In that connection I would choose as the "benchmark" not a random
classifier which picks all the outcomes with equal chances (without
regard to the attributes or "input variables" of the test data), but
rather one which yields the outcomes according to their natural

To get past that point, at least temporarily, let's assume for the
sake of discussion that the N outcomes do occur in reality with equal
probability, so that the random classifier as Mary has stipulated it
would agree with my frame of comparison.

The main point to be made is that the expedient of recording only the
rightness or wrongness of a classifier's output leads only to a 2xN
tabulation of results, not a 2x2 tabulation.  The confusion matrix
presumes that the "real" situation is binary, and that the truth (or
falsity) of the classifier can then be equated to "true positive" or
"true negative" (resp. "false positive" or "false negative").

Suppose the "real" outcomes are A, B, or C as in the illustration.  We
could indeed summarize a classifiers results (on a suitably broad test
set) as:

  True A   True B   True C
  False A  False B  False C

By further restricting attention to cases as A or non-A, we could summarize as:

  True A   True non-A
  False A  False non-A

Even if we correctly simulate the proper frequencies of A,B,C in our
test data, it is hard to avoid the prospective conclusion that we are
throwing away information about the classifier's performance by
restricting attention in this way to A vs. non-A discrimination.

Perhaps this is precisely what Mary wants to do here, and I'm game to
provide the necessary formulas from probability to link the NxN
matrices to 2x2 matrices under then appropriate simplifying
assumptions.  I just thought it best to drag out the rationale (or at
least the enthusiasm!) for doing so.

regards, mathtalk-ga
Subject: Re: I need a function to compare classifier confusion matrices in discrete probl
From: mariane0-ga on 30 May 2005 09:23 PDT
Hi mathtalk, nice to hear from you again. 

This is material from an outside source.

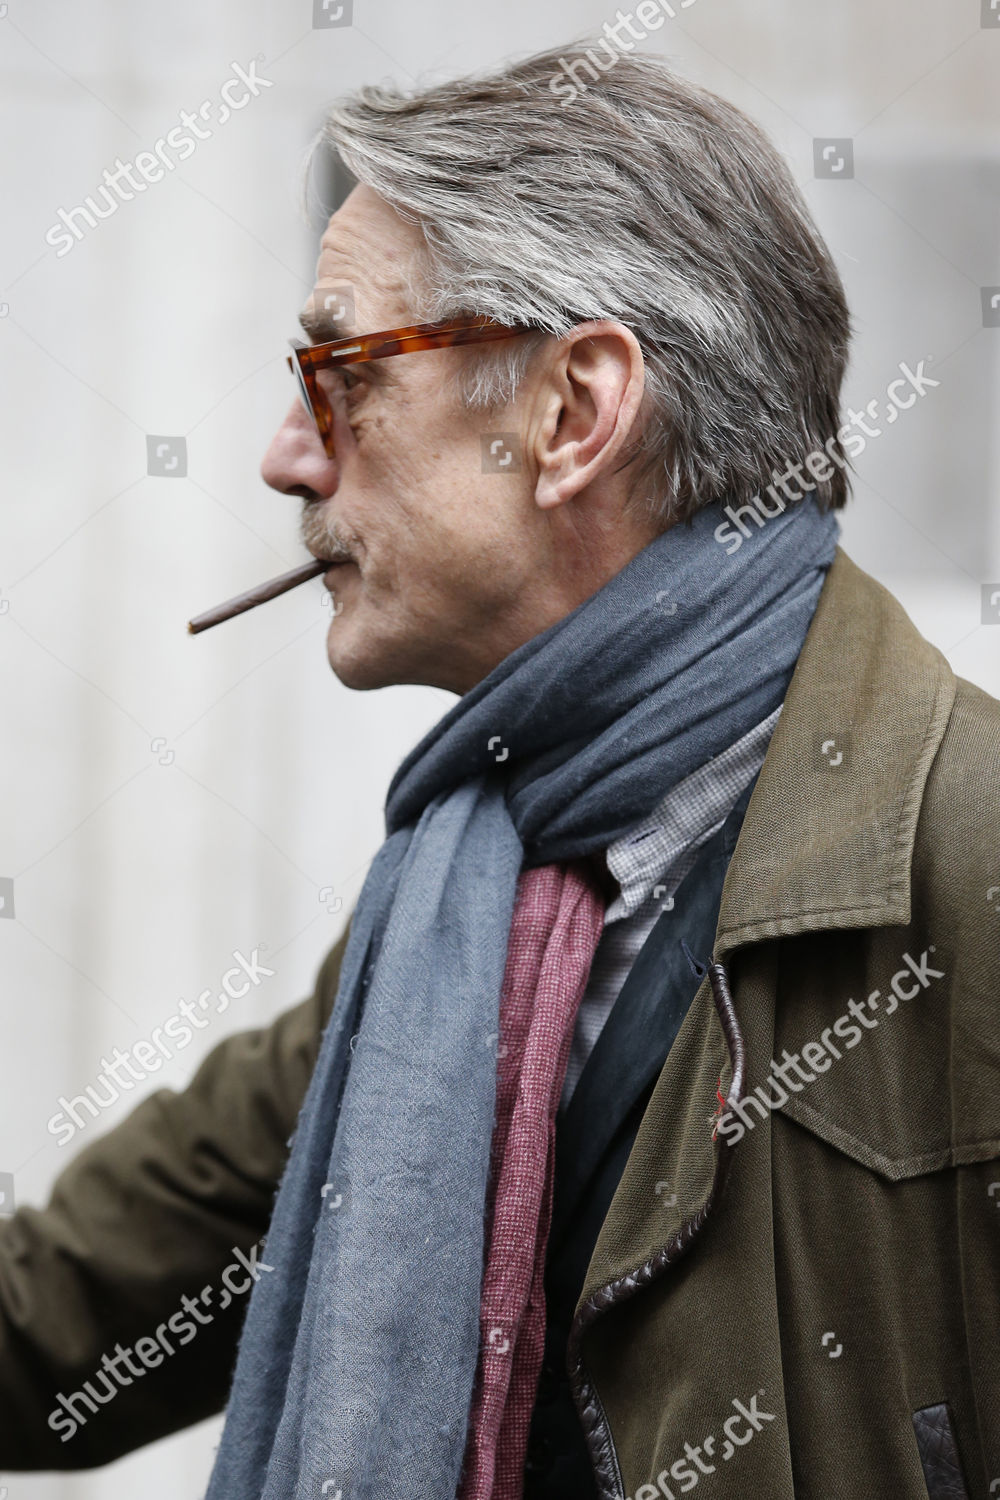 Jeremy Irons smoking a cigarette (or weed)

> a statistic which attempts to "compare"
all classifiers needs to take into account the underlying
probabilities of the actual outcomes 

They are unknown... All we know is the number of examples 
of such a class in our training dataset. This can be used as 
a substitution, I guess. 

I'm actually trying to write this comparison function, here's 
the justification: 

Any N-classes classification problem can be transformed into several
2-classes problems. When the classes can't be ordered this is usually
done by classifying one class vs. the N-1others, and repeating the
process for each class, but there are many other, dataset-dependent,
possibilities. When the classes can be ordered, even if the order is
empirical, it is usually done by classifying the top-most class vs.
the others, then the two top-most classes together vs. the others,
etc. It is quite possible that the classifier which worked best on the
original dataset won't be the same as the one which gets the best
results on the two-classes problems.

There are several reasons why someone would do that. A researcher may
wish to experiment with several classifiers on a 3-class-values
dataset while one of these classifiers is only built to handle
2-class-values problems. A data miner may wish to focus upon a
particular class. A user may find large trees difficult to read and so
reduce the number of class values in order to reduce the size of the
induced decision tree. Supposing he were using C4.5 on the iris
dataset, he would notice that grouping the virginicas with the
versicolors reduced the number of leaves from 5 to 2 and increase the
accuracy from 96% to 99%, and he would then wonder which tree was

Anybody presenting this kind of results now ends up saying something
like "on the two-classes problems the average accuracy was 81%, while
on the 5-classes problems it was only 75%. Of course, a 5-classes
problem is intrisically more difficult than a two-classes problem".
But he can't say on which dataset his classifier worked best while
taking into account this increased difficulty, which is a bit
unsatisfying for him (and for his audience too, if they notice).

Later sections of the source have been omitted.